# Bathed & Infused, and Skindecent bath & body e-tailers



## ruby_soho (Feb 14, 2006)

Visit www.skindecent.com and www.bathedandinfused.com I have placed an order from either site, haven't received either yet, but am dyyyyying to order more. I know I have a problem with shopping...ok? Seriously, these products look amazing and have great reviews. Bathed & Infused is run by a cute married couple from Colorado, and their products are available in 350 scents!! They all sound soooo delicious. Skindecent is run by a woman, Marliss (who is super nice and great with customer service) in Alberta I think. She has soo many amazing looking products and scents. Skindecent's site isn't that hot looking, nor the product packaging, but I got over that quickly enough

 I placed an order from B&I for Body Fluff in Pink Sugar, and a perfume (which currently aren't available on the site due to packaging troubles
	

	
	
		
		

		
			





) in a dupe of Lush's _Honey I Washed the Kids_, I can't wait to place another order. From Skindecent (I just placed it yesterday) I ordered a Body Buffer in Blackberry Bliss, Bath Fluff in Monkey Farts, Dry Oil Spray in Blackberry Bliss, Massage Melts in Vanilla Cupcake, 1 oz. pure shea butter, and a free Sole Relief Balm in Garden Mint. For every order over $30 CAD you get an online "scratch and win" ticket, and every ticket gives you either free product or free shipping. I'm hooked. And now anyone who reads this will be hooked. 

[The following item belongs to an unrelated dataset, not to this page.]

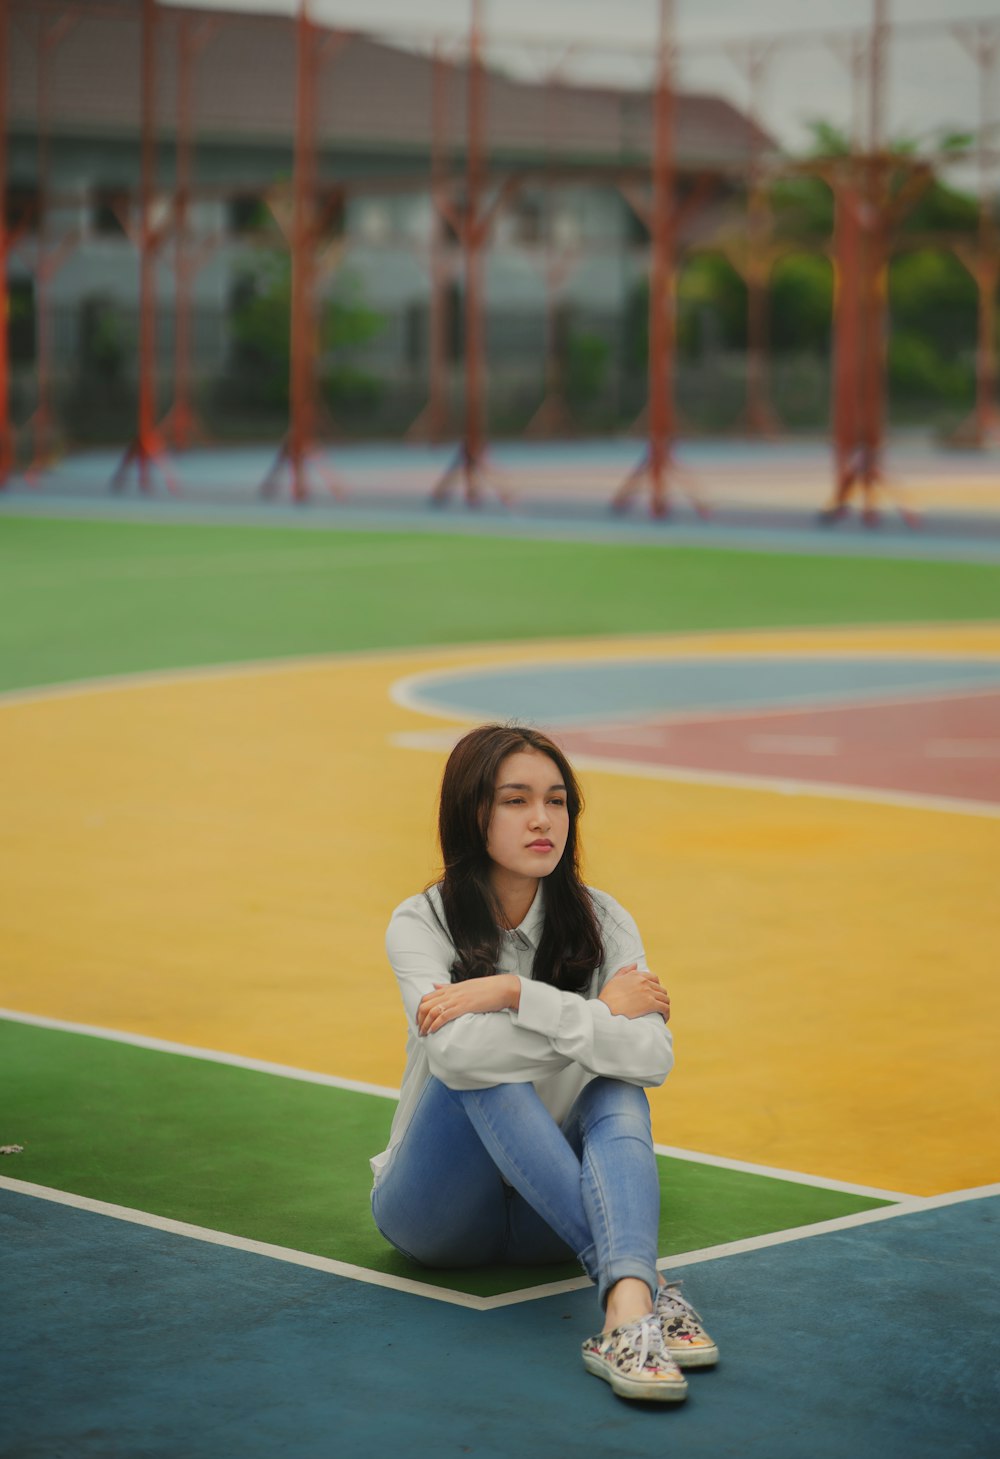 Una mujer sentada en una cancha de baloncesto con los brazos cruzados

 I know it's a long post, but man!, I'm chomping at the bit to get my orders in, and I wanted to share it with you all


----------



## mspixieears (Feb 15, 2006)

Groan, e-tailers! I don't mean that in a bad way, it's just most e-tailers don't do int'l orders. Sob, sob. But then again, perhaps better for my wallet. I do have quite the bath & body product obsession!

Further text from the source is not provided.